Killing the Social Security Death Index?

If enacted as proposed, a provision in the federal 2014 Budget would eliminate most public access to the Death Master File, also known as the Social Security Death Index (SSDI). The United States Department of the Treasury is recommending a significant change to the SSDI that would “restrict immediate access to the DMF to those users who legitimately need the information for fraud prevention purposes and to delay the release of the DMF for three years to all other users.”

The full but short Treasury proposal (page 203):

RESTRICT ACCESS TO THE DEATH MASTER FILE (DMF)

Current Law

The DMF is a list of deceased individuals maintained by the Social Security Administration (SSA) that is updated weekly. SSA created the DMF in response to a 1980 consent judgment that requires SSA to provide certain personally identifiable information about deceased individuals under the Freedom of Information Act. The DMF contains the full name, Social Security number (SSN), date of birth, date of death, and the county, state, and zip code of the last address on record for decedents. This information is publicly available and, pursuant to the consent judgment, released weekly by SSA, and many websites publish the information included on the DMF free or for a nominal fee.

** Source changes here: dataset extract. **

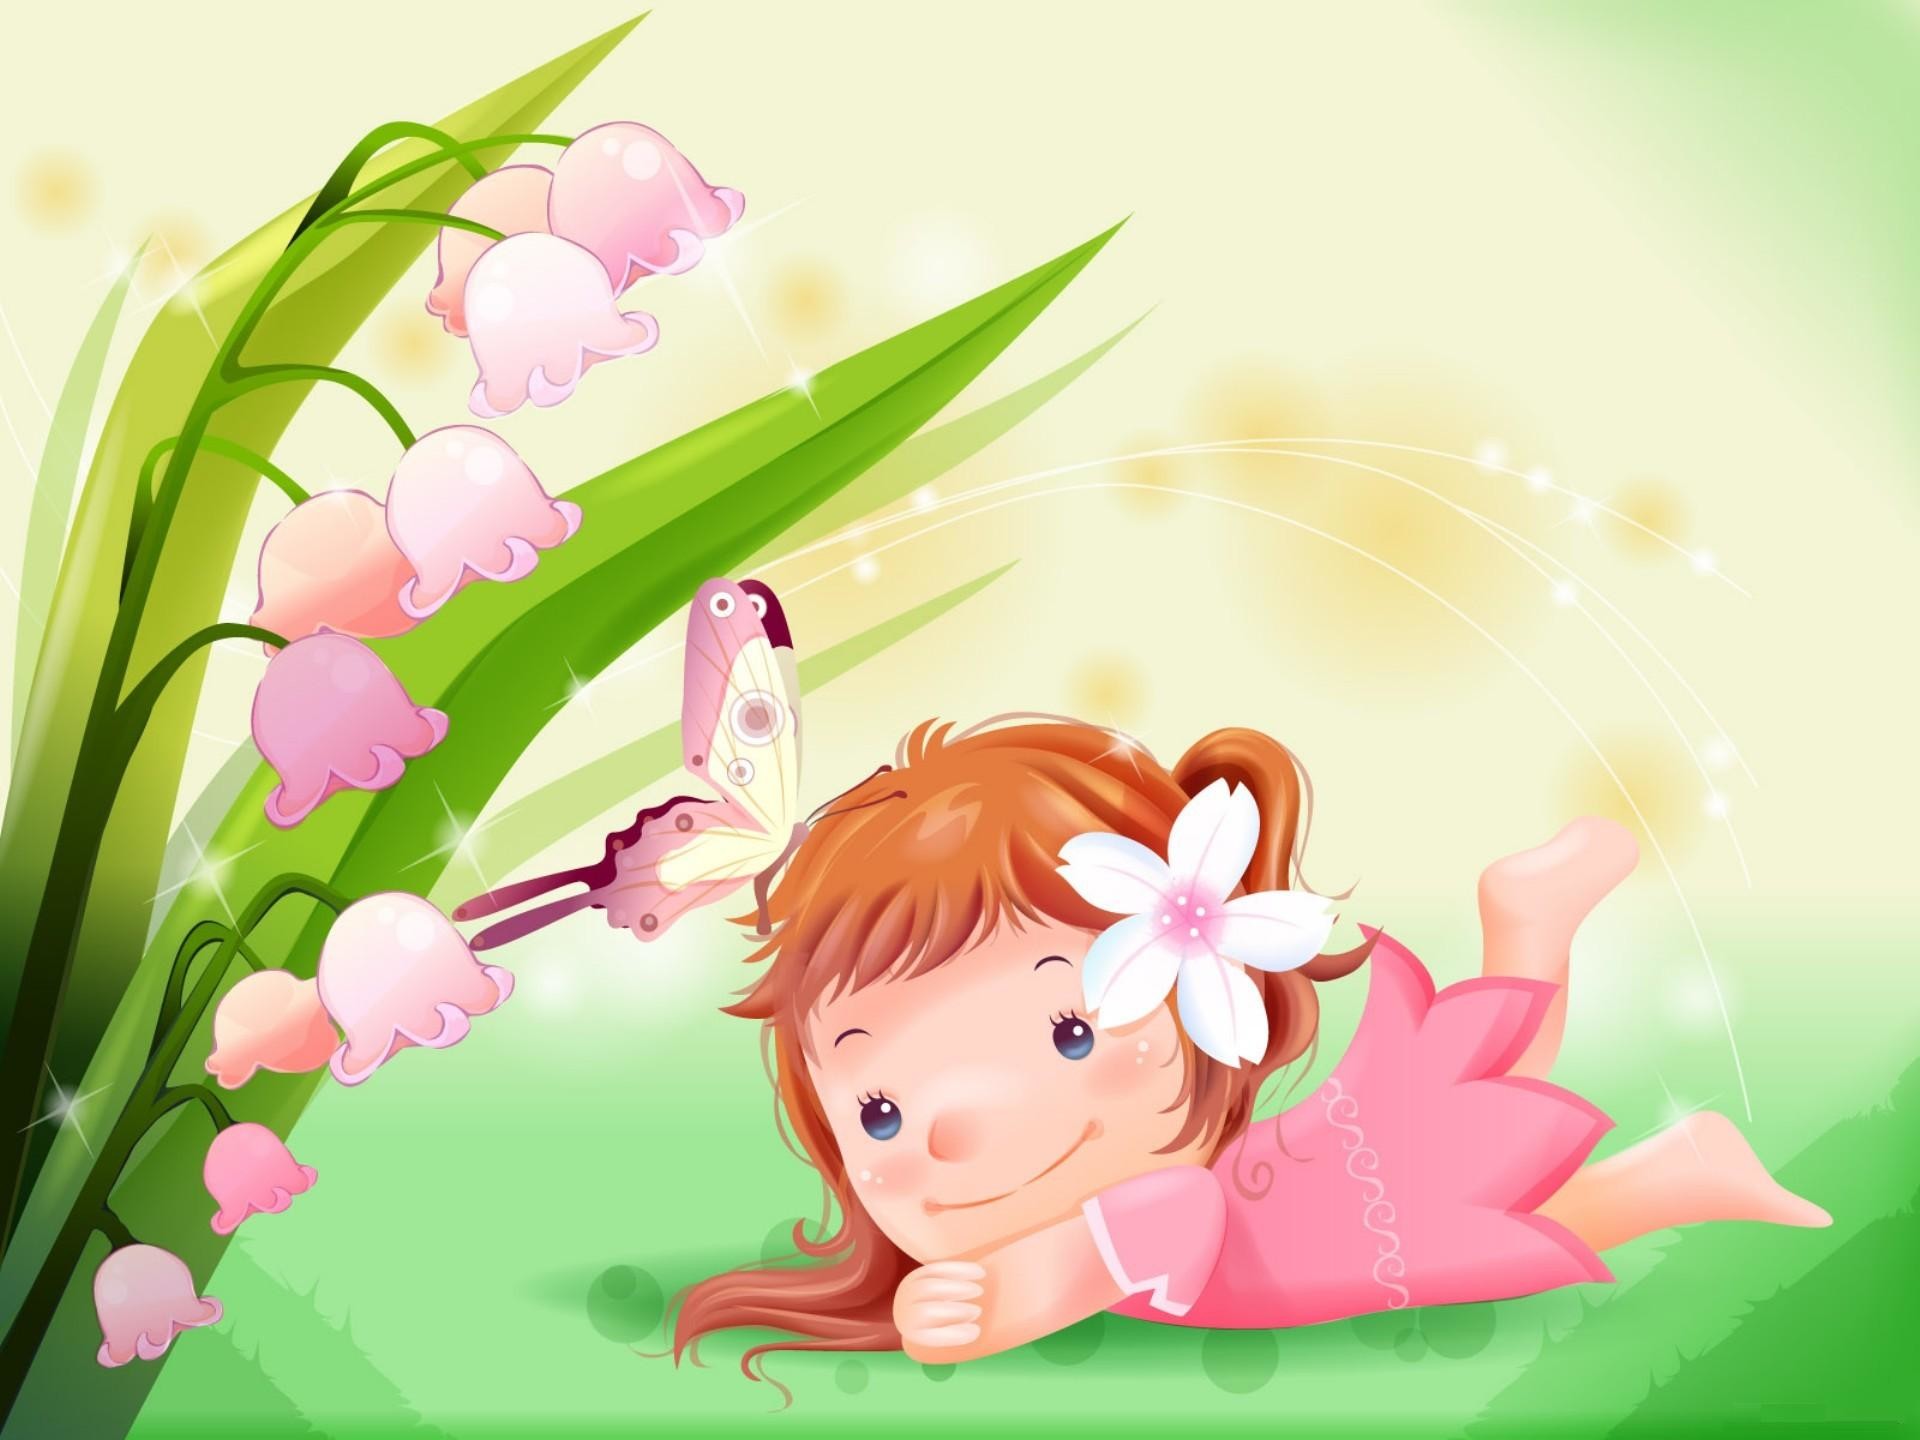 Cartoon Background Images 46 Pictures

Some DMF users need immediate access to the DMF for fraud prevention purposes, such as pension administrators who use DMF data to terminate payments. Others use the information for purposes that are not time -sensitive, such as genealogy research. A third group, however, uses the DMF for illegitimate purposes, including identity thieves who use the DMF to steal the names and SSNs of recent decedents, which information identity thieves then use to file fraudulent tax returns.

Reasons for Change

Refund-fraud related identity theft has grown exponentially in recent years. Fraudulent tax returns using a decedent’s identifying information are difficult to detect before improper refunds are paid, because the Internal Revenue Service may not discover that identity theft has occurred until a surviving family member files an income tax return claiming the decedent as a dependent or files the decedent’s final income tax return.

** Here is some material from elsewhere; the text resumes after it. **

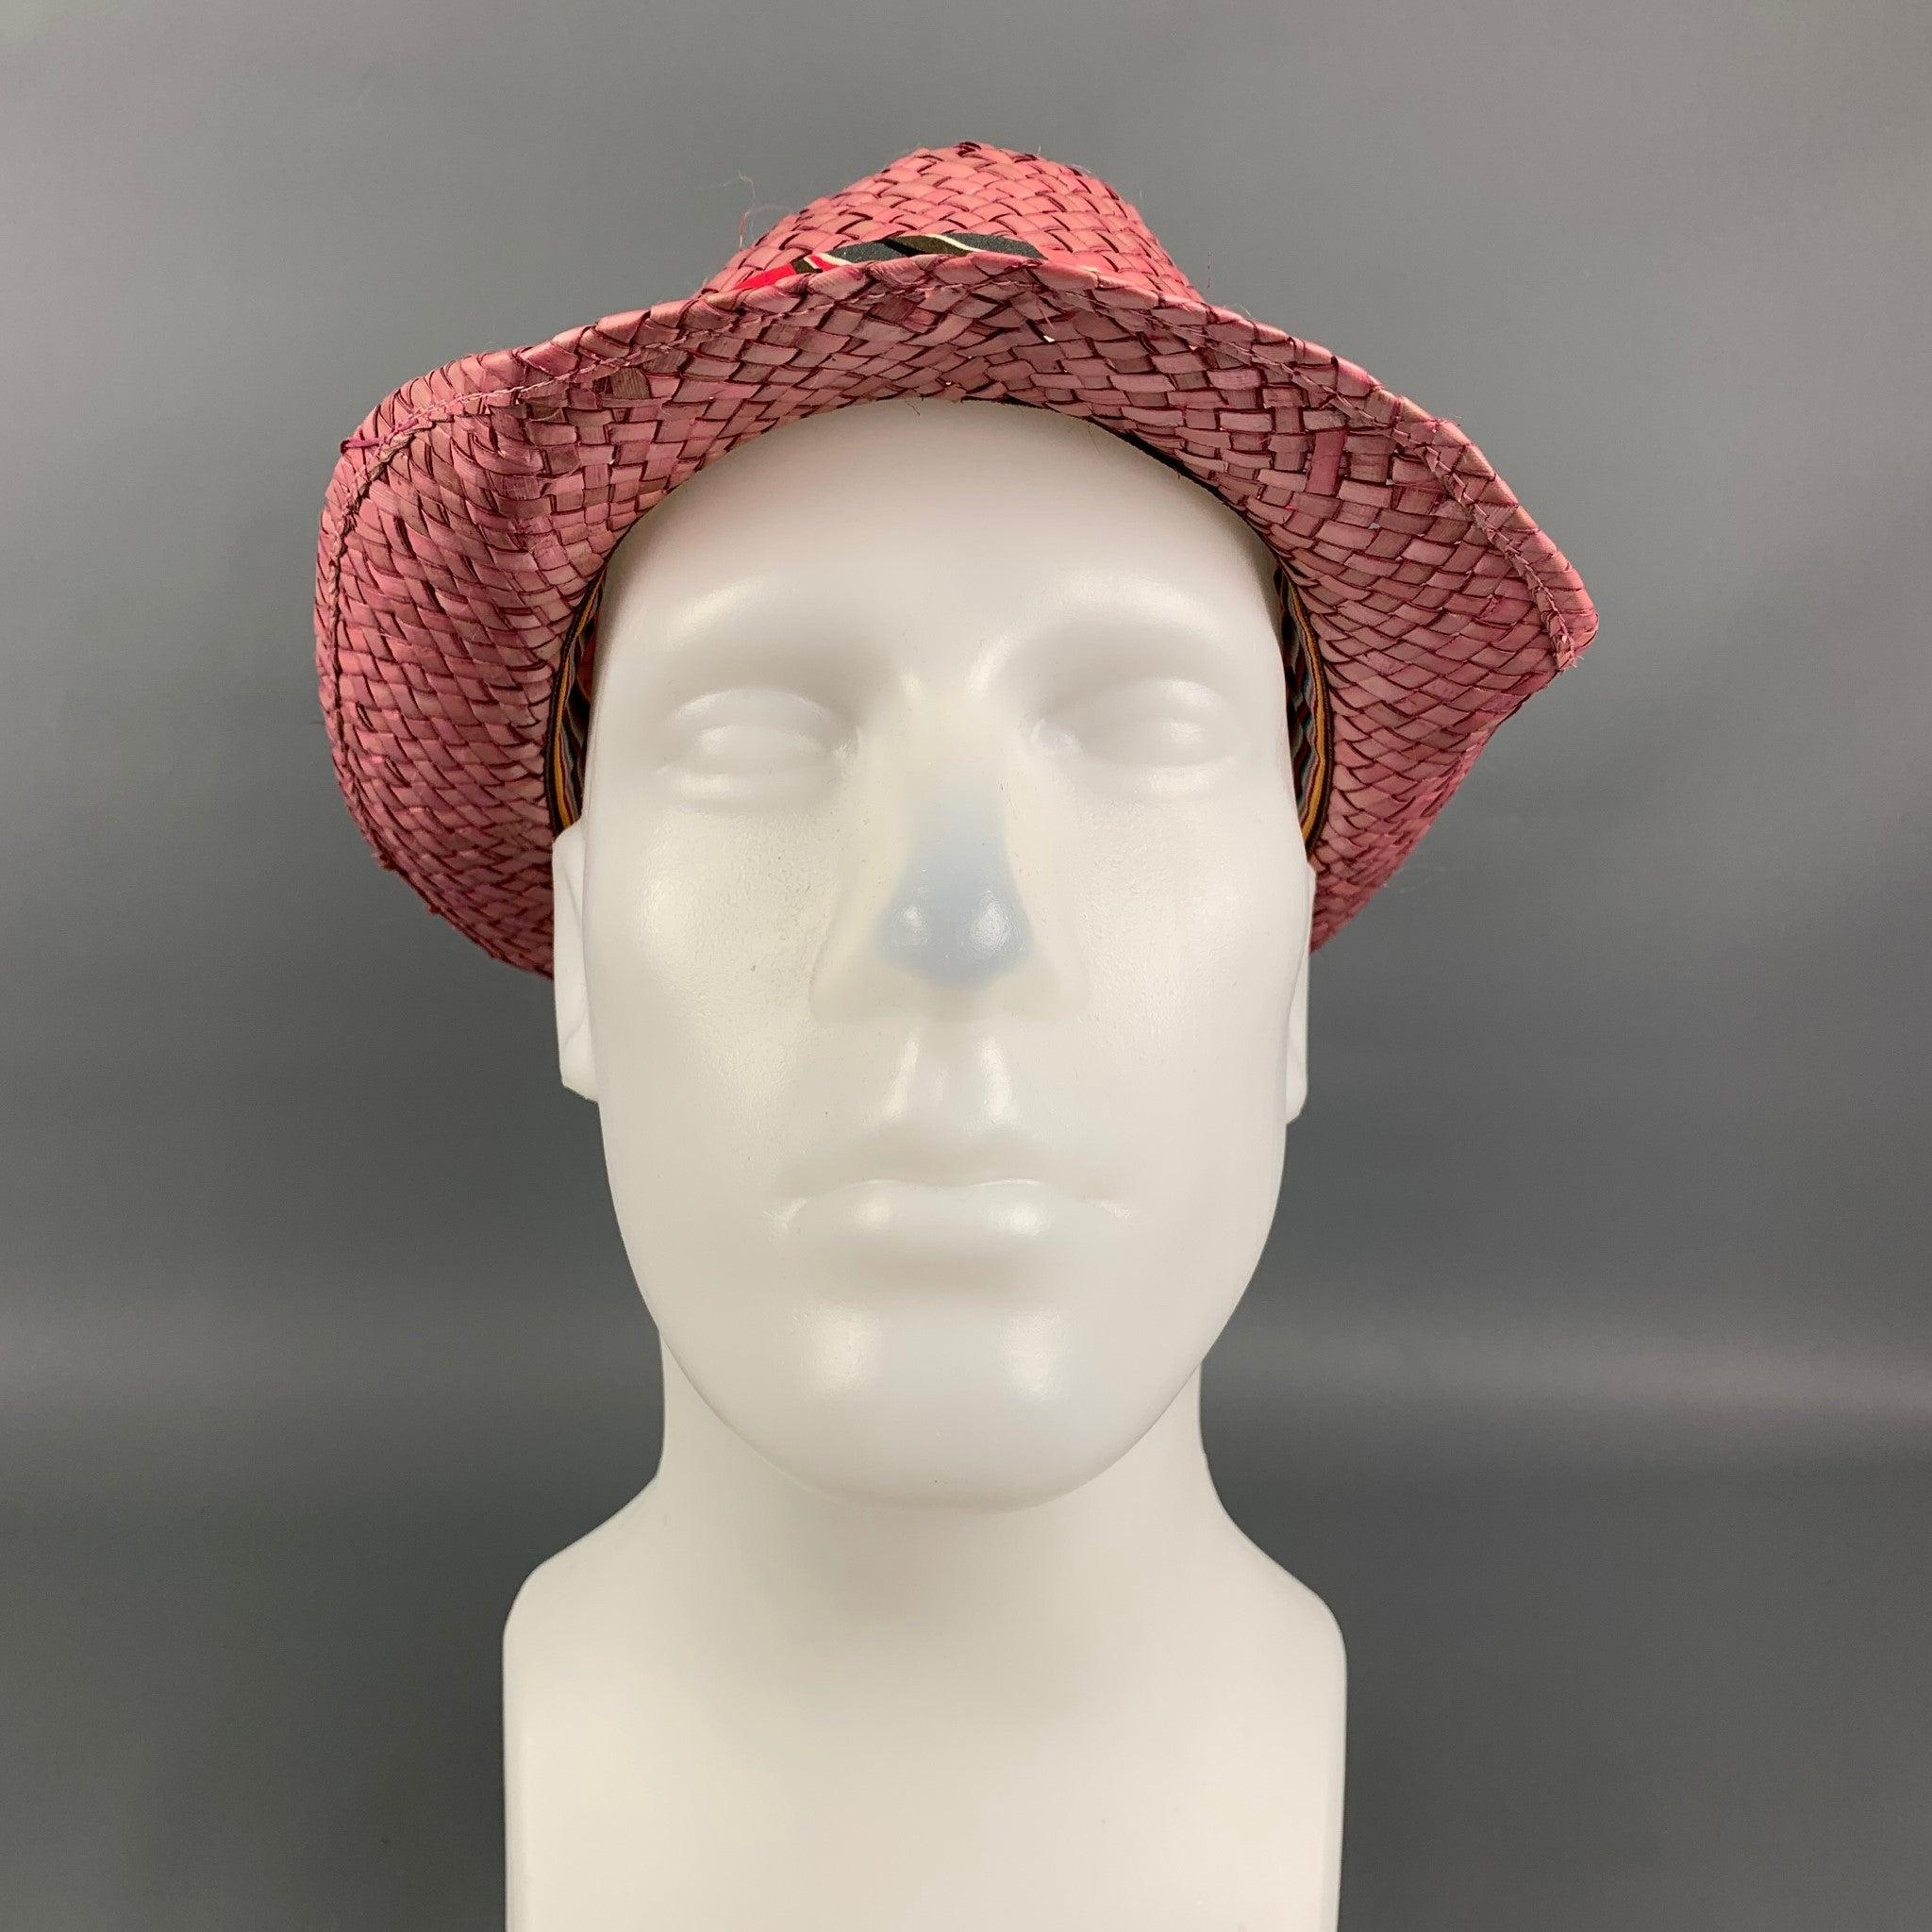 PAUL SMITH Pink Woven Straw Floral Band Hat In Good Condition For Sale In San Francisco, CA

Restricting immediate access to those users with a legitimate fraud prevention purpose while delaying the release for other users protects the privacy interests of decedents, reduces opportunities for identity theft, and restricts information sources used to file fraudulent tax returns while still making the information on the DMF available to users who have a legitimate need for the information.

Proposal

The proposal would restrict immediate access to the DMF to those users who legitimately need the information for fraud prevention purposes and to delay the release of the DMF for three years to all other users.

The proposal would be effective upon enactment.